Das ist so schon richtig, und bei einer hohen Anzahl Ports lohnt es durchaus, sich nach einer Alternative umzusehen.

Die meisten Anwendungen kommen allerdings mit einem 8er oder 16er Switch ohne Probleme durch (zumindest für den RT-Teil), und hier muss man sich doch Fragen, ob sich der zusätzliche Aufwand, den man treiben muss, um einen "normalen" Switch in einen Schaltschrank zu bekommen (Montageblech basteln, 230V-Steckdose, fummeliges billiges Steckernetzteil), wirklich lohnt.

Für den Nicht-RT Teil (also Visu, PG usw.) genügen 0815-Switches (idealerweise auch in Hutschienenausführung).

mfg Maxl


----------



## Rainer Hönle (30 Mai 2008)

centipede schrieb:


> Ich gehe davon aus, hier ist IRT gemeint, dann ist diese Aussage aber so nicht korrekt.

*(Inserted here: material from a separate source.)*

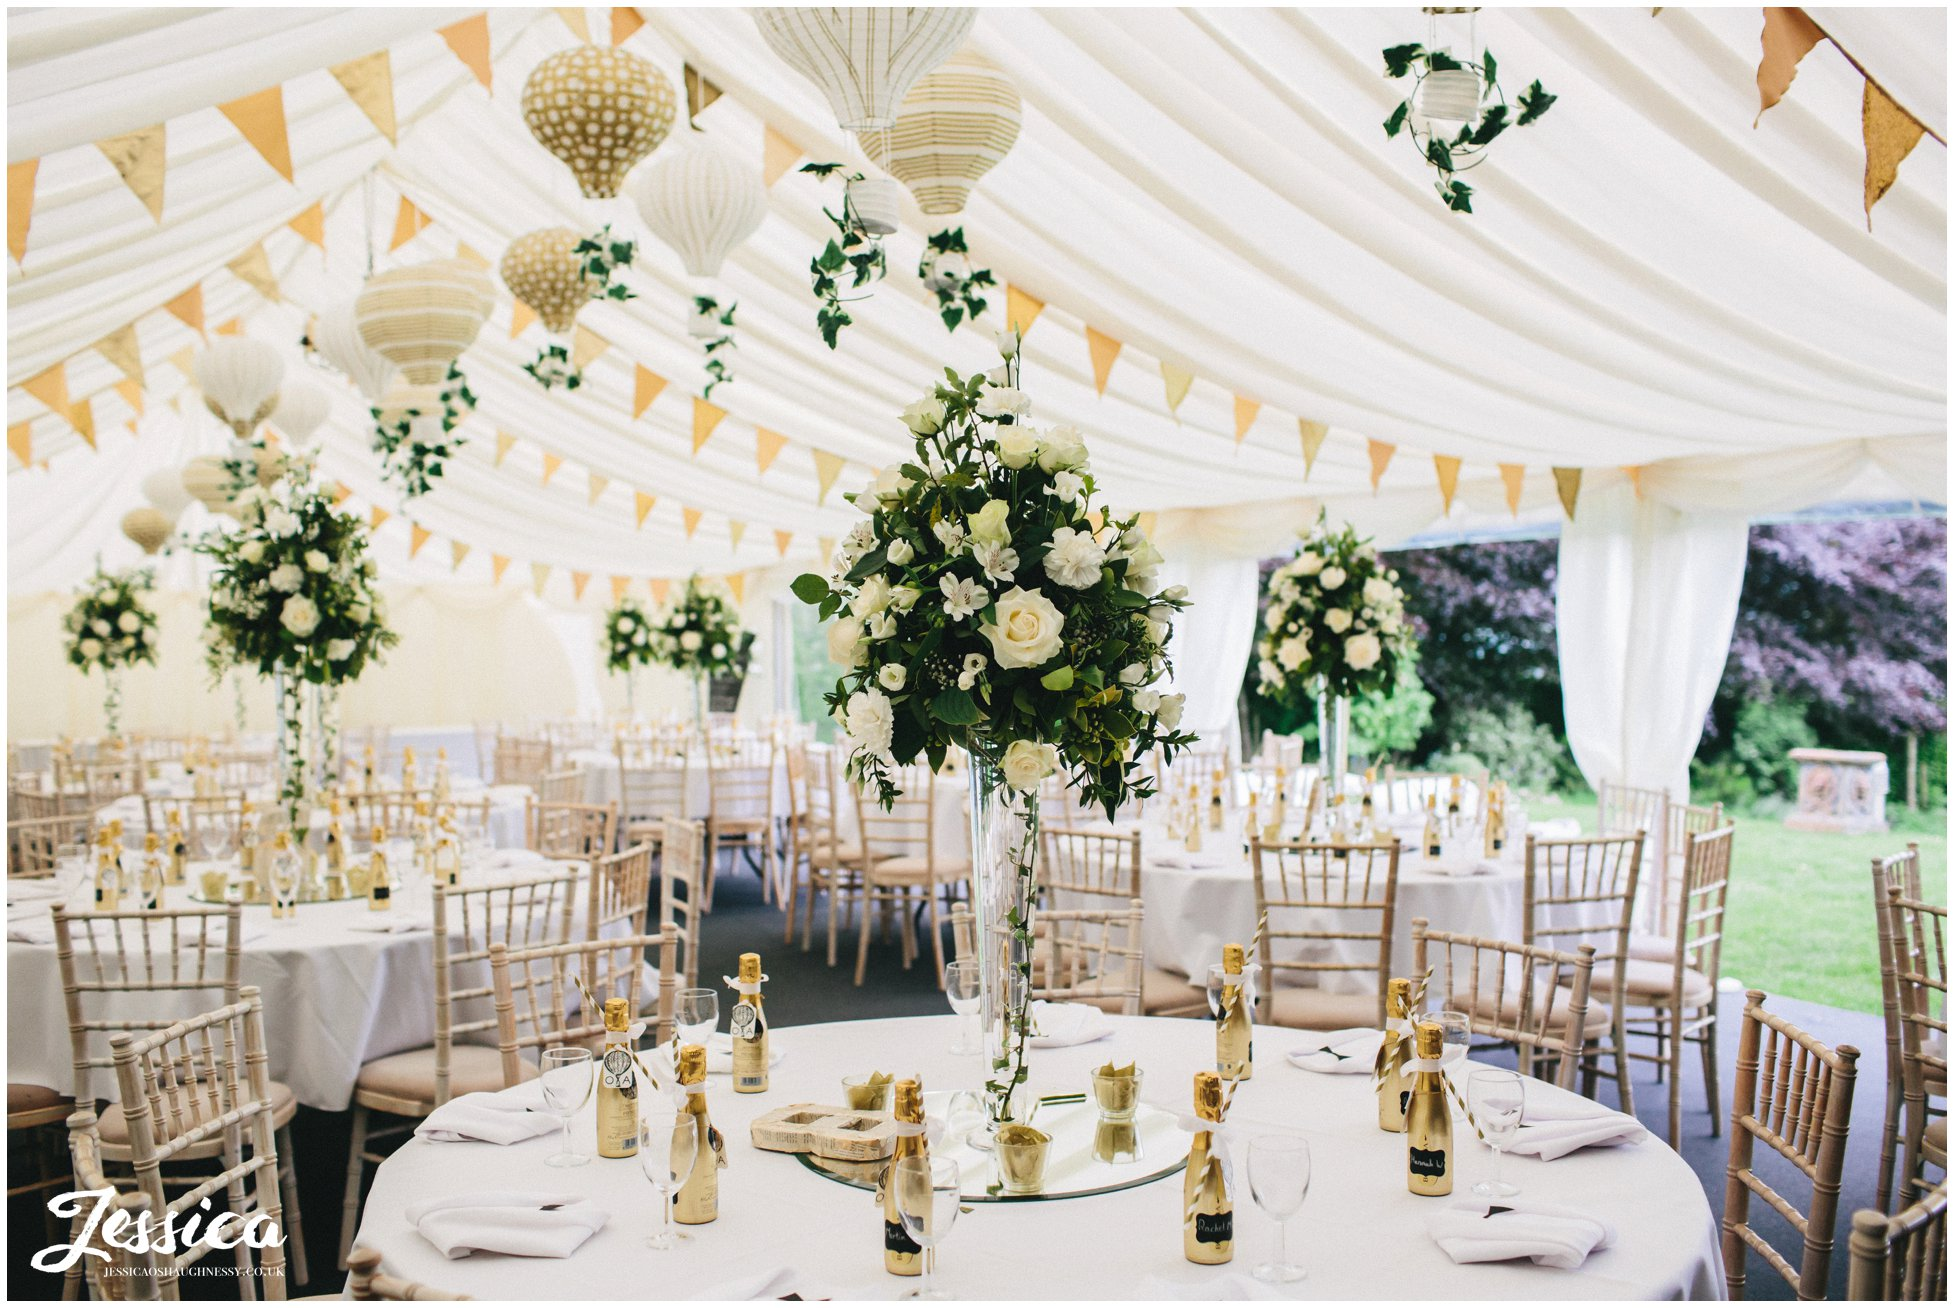 gatsby inspried wedding room at trevor hall

Die IRT-Switche kümmern sich darum, dass die Timings genau eingehalten werden.
> 
> Gruß,
> Centi


Siehe Erläuterungen in meinem Beitrag von 11:59


----------



## ChristophD (30 Mai 2008)

Hi,

@maxl
Genz einfach eine Anwendung? Motion Control z.b. eine SIMOTION Steuerung und eine SINAMICS S120 Antriebsverband
oder 2 SIMOTION Steuerungen miteinander im verteilten Gleichlauf.

@sailor
Profinet RT unterscheidet wie schon erwähnt nicht physikalisch von TCP/IP.
Bei Profinet RT wird lediglich eine spezielle Kennung im Header verwendet um den schnellen Transport zu gewährleisten, das kann jeder Switch mit der Funktion Qos unterstützen.
Profinet IRT baut auf die HW des ERTEC Chips auf (ERTEC200/ERTEC400) und erfordert auch spezielle Netzzkomponenten welche diese speziellen Telegramme unterstützen, momentan sind mir nur die aus der SCALANCE Reihe bekannt und von mir auch verwendet

Gruß
Christoph


----------